Your answer should repeat exactly the lines from the one holding "Mariel ist 12" through the end of the data, and it should contain no pictures.

_STORED DATA_

□ □ □ □ □ □ □

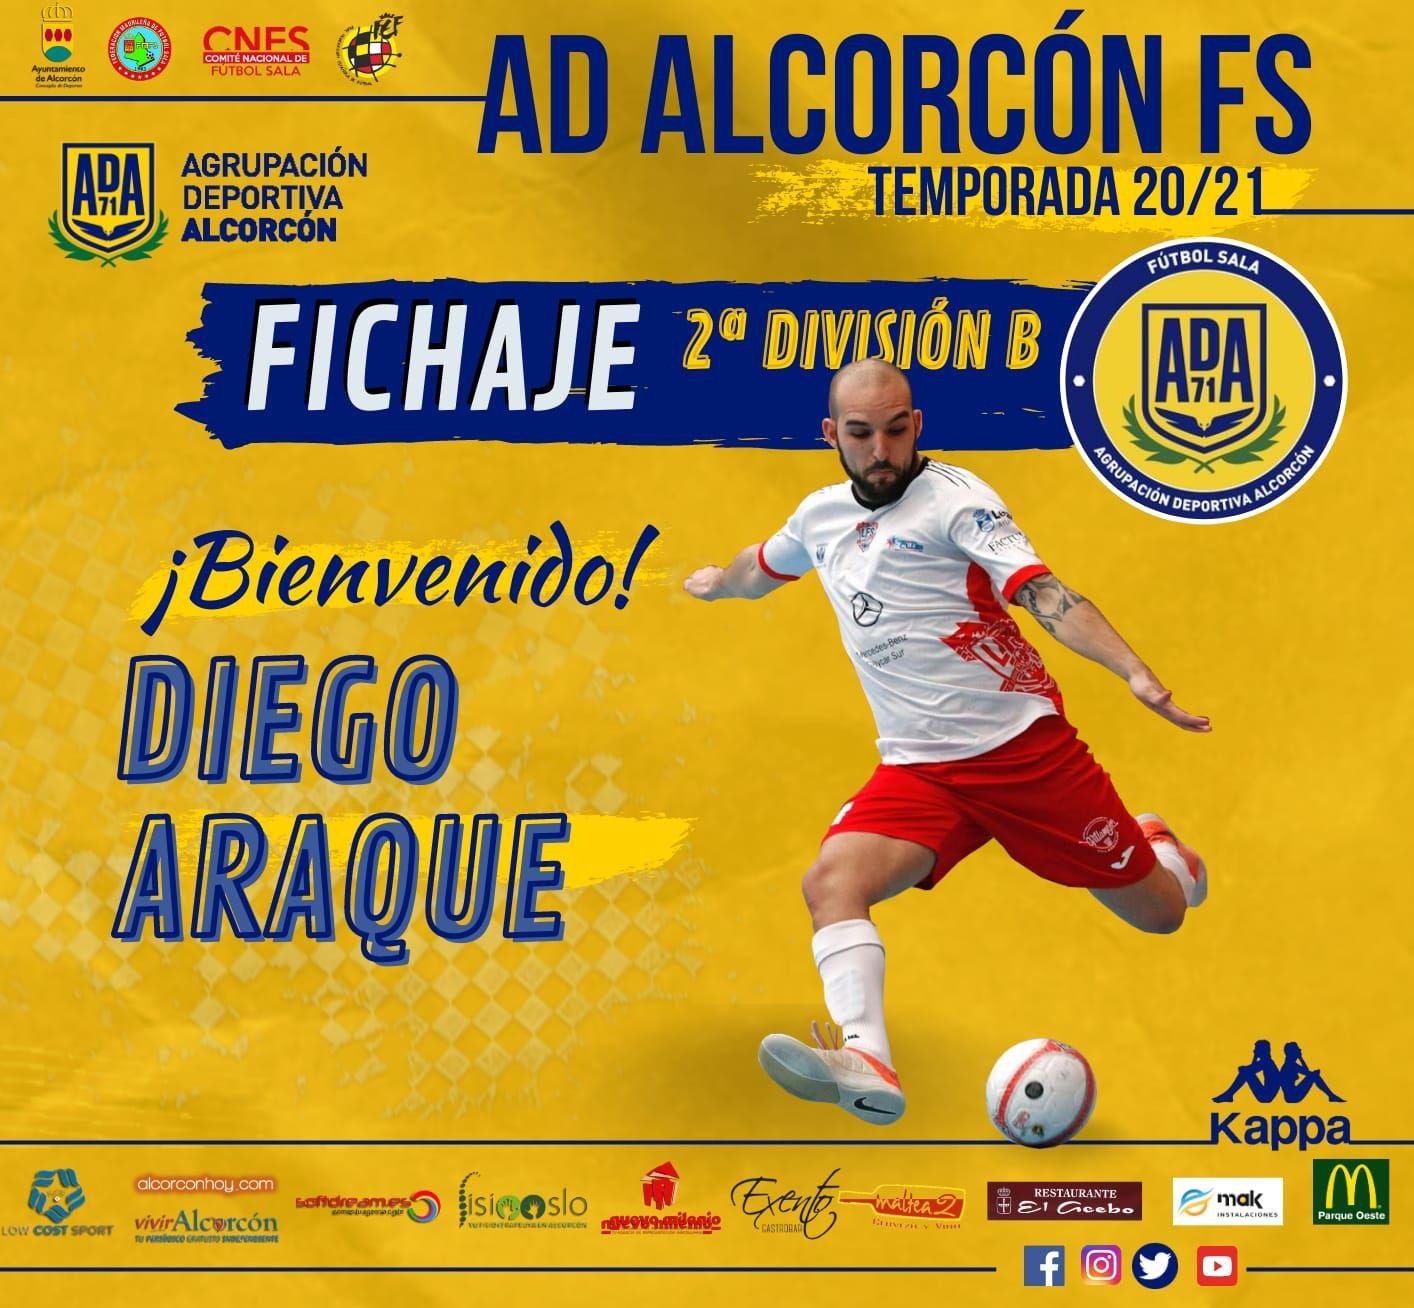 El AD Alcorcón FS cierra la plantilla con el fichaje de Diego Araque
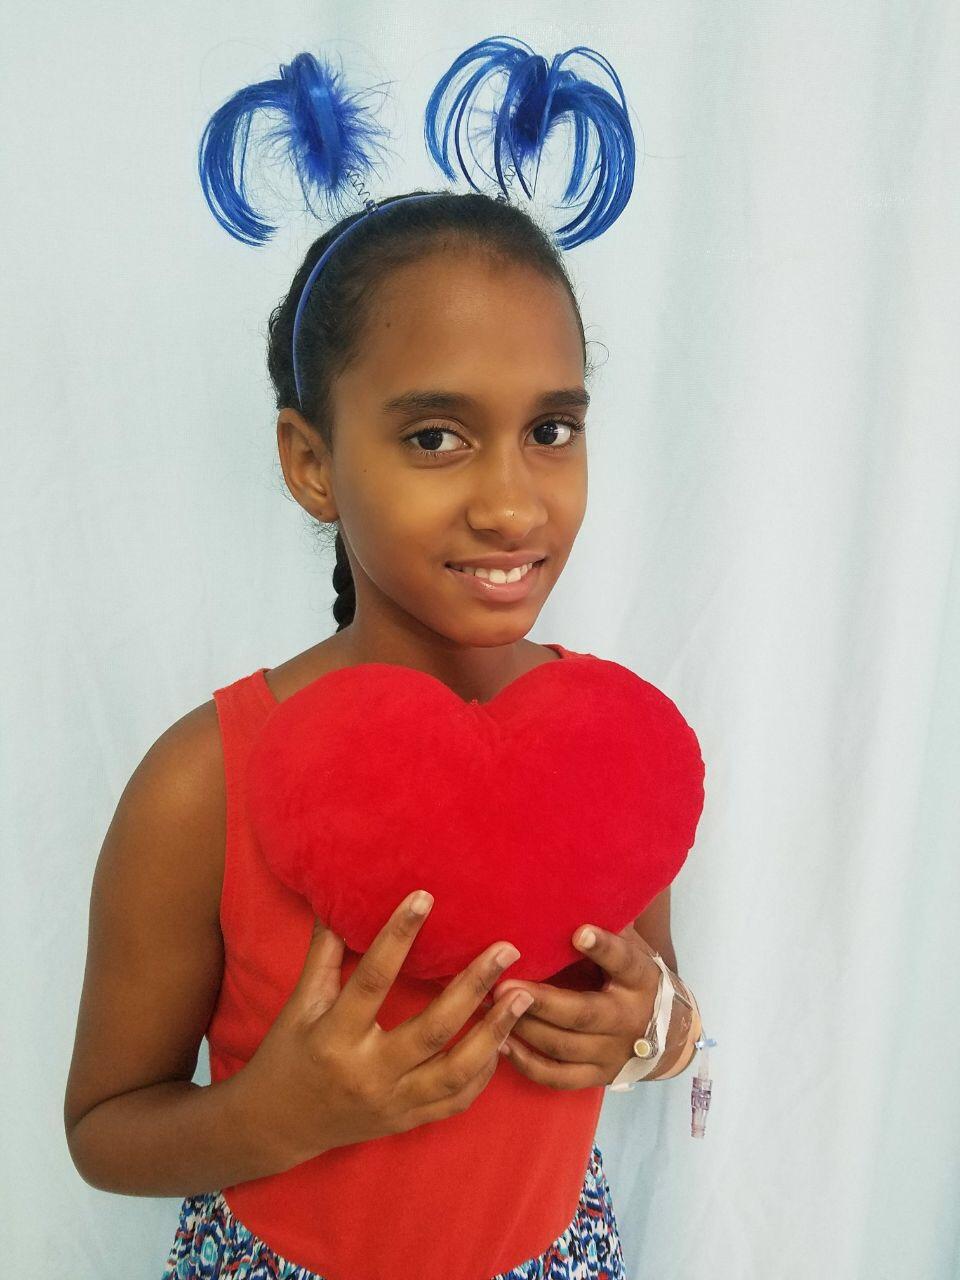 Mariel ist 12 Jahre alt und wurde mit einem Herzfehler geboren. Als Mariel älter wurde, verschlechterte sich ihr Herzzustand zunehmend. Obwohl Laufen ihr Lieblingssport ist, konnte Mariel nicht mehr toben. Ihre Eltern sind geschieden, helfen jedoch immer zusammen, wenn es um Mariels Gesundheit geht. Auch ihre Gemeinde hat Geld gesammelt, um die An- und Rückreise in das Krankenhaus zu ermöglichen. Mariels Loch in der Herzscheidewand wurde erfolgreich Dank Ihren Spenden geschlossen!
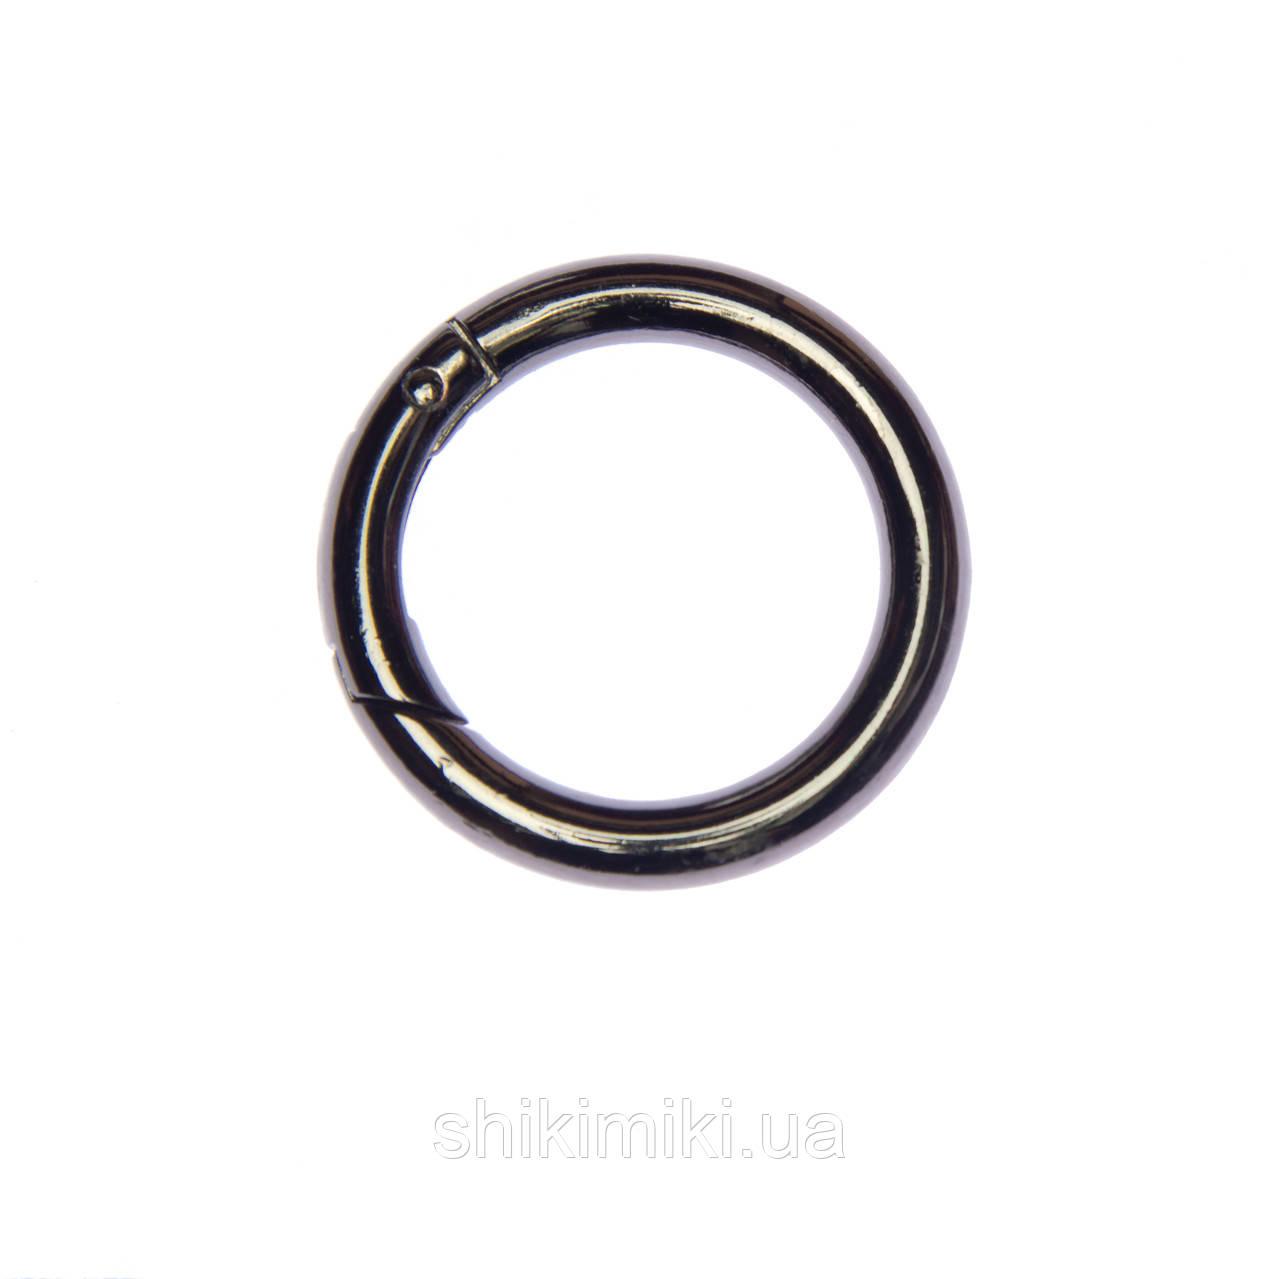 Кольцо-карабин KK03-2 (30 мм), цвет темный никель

□ □ □ □ □ □ □

_RESPONSE TO THE EXERCISE_
 Mariel ist 12 Jahre alt und wurde mit einem Herzfehler geboren. Als Mariel älter wurde, verschlechterte sich ihr Herzzustand zunehmend. Obwohl Laufen ihr Lieblingssport ist, konnte Mariel nicht mehr toben. Ihre Eltern sind geschieden, helfen jedoch immer zusammen, wenn es um Mariels Gesundheit geht. Auch ihre Gemeinde hat Geld gesammelt, um die An- und Rückreise in das Krankenhaus zu ermöglichen. Mariels Loch in der Herzscheidewand wurde erfolgreich Dank Ihren Spenden geschlossen!
 Кольцо-карабин KK03-2 (30 мм), цвет темный никель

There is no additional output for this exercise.